HollySiz, le double musical de Cécile Cassel

Benjamin Chapon

— 

Cécile Cassel, alias Hollysiz, du nom de son projet musical
Cécile Cassel, alias Hollysiz, du nom de son projet musical — Dimitri Coste

 Inconnue mais déjà célèbre, HollySiz cache Cécile Cassel. Fille et sœur de, la comédienne a préféré se cacher sous un pseudonyme et une coloration blond platine pour lancer sa carrière de chanteuse. 

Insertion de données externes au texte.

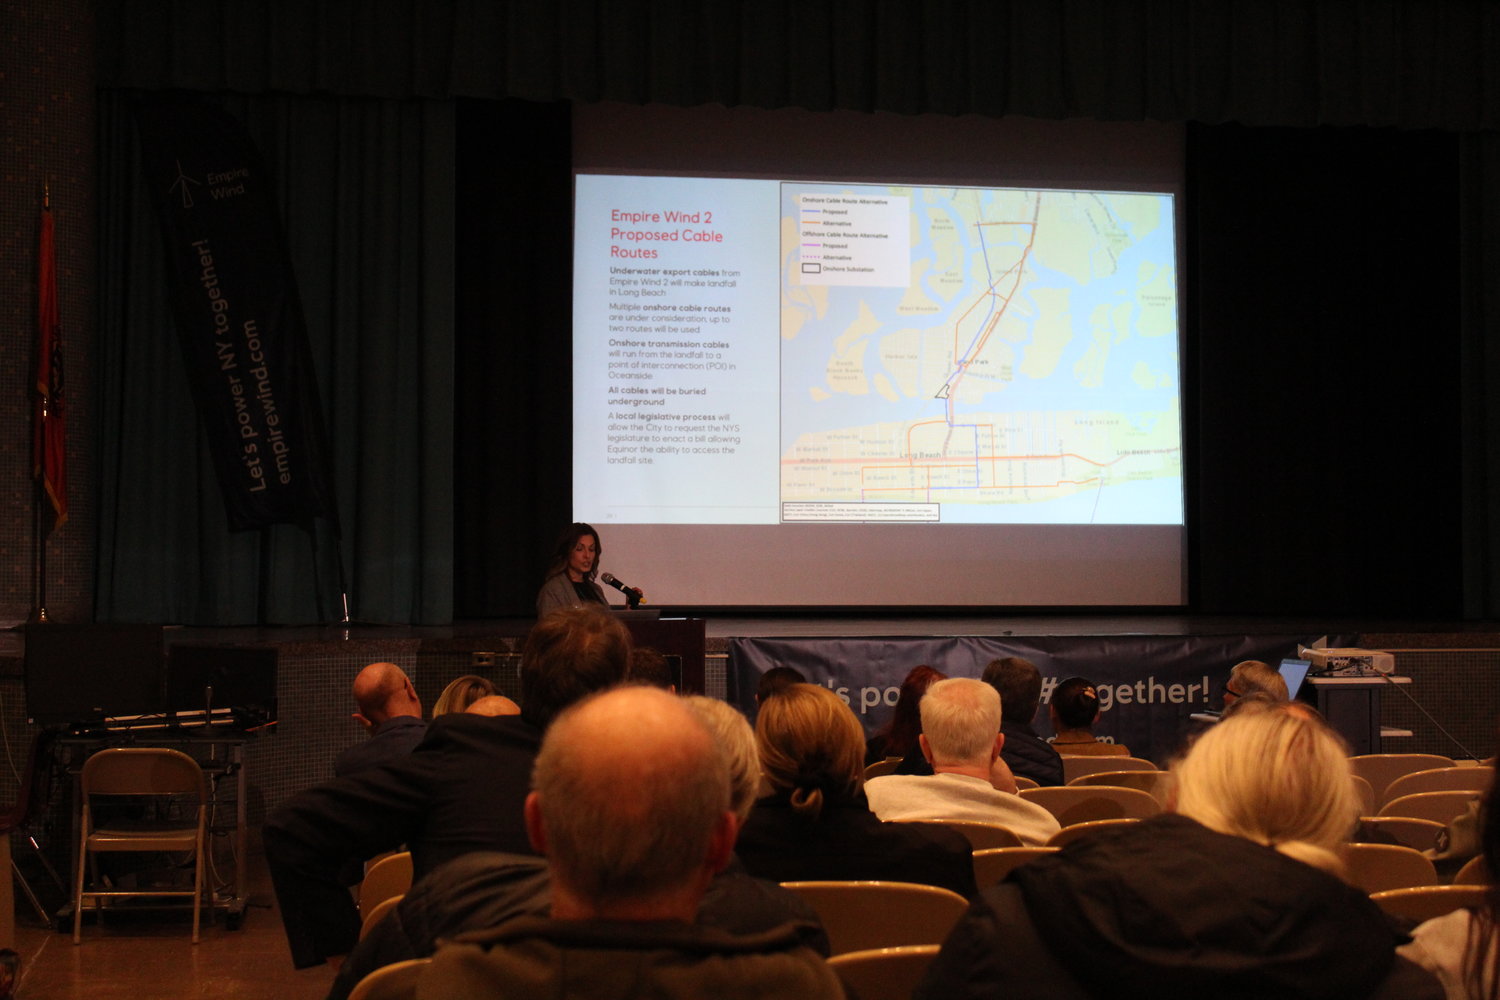 Island Park residents came out in droves to learn about the $3 billion Empire Wind project coming to Long Island’s South Shore. On the screen is the proposed cable routes through Island Park parallel to the Long Island Rail Road.

Son premier album, My name is…, conçu en secret et sans faire valoir les passe-droits que son nom de famille lui offrait, est une compilation de titres électro pop renversants d’efficacité. Dont l’entêtant «Come Back to Dance with Me», l’un des tubes de l’été.
 

 
A la manière d’une Lou Doillon, passée du cinéma à la musique, Cécile Cassel a mis un point d’honneur à écrire et composer toutes les chansons elle-même. «Ce projet me tient à cœur parce que j’en suis la maîtresse de A à Z, explique la jeune femme. J’adore être actrice mais il y a un côté Pinocchio dans ce métier même si j’y mets ma vérité d’artiste. Chanter ma musique, c’est me présenter plus nue et plus vraie en tant qu’individu.»
 

Apprendre les claquettes

Avec le consciencieux et l’appliqué que lui confère sa fraîcheur dans «le métier», HollySiz l’apprend –le métier- pas à pas. Composition, écriture, scène… Elle ne s’est épargné aucune étape. «J’ai même appris à faire des claquettes pour le clip.»
 
Le pas chassé de Fred Astaire mis à part, Cécile Cassel n’a pourtant rien à envier aux plus grands danseurs. Déjà actrice, désormais musicienne, elle a, un temps, pensé devenir danseuse professionnelle.
 

La danse pour thérapie de l’ego

Elle recycle une part de ce vieux rêve avec un album qu’elle a voulu «dansant de bout en bout». S’il fait remuer les gambettes, My Name is remue aussi les tripes avec des titres émouvants, parfois très sombres, et que l’on devine très personnels.
 
«C’est une évidence, je dis beaucoup plus de moi en me cachant sous l’identité HollySiz. D’ailleurs, ce nom est le rapprochement du prénom d’un de mes personnages de cinéma culte et de mon surnom de gamine.»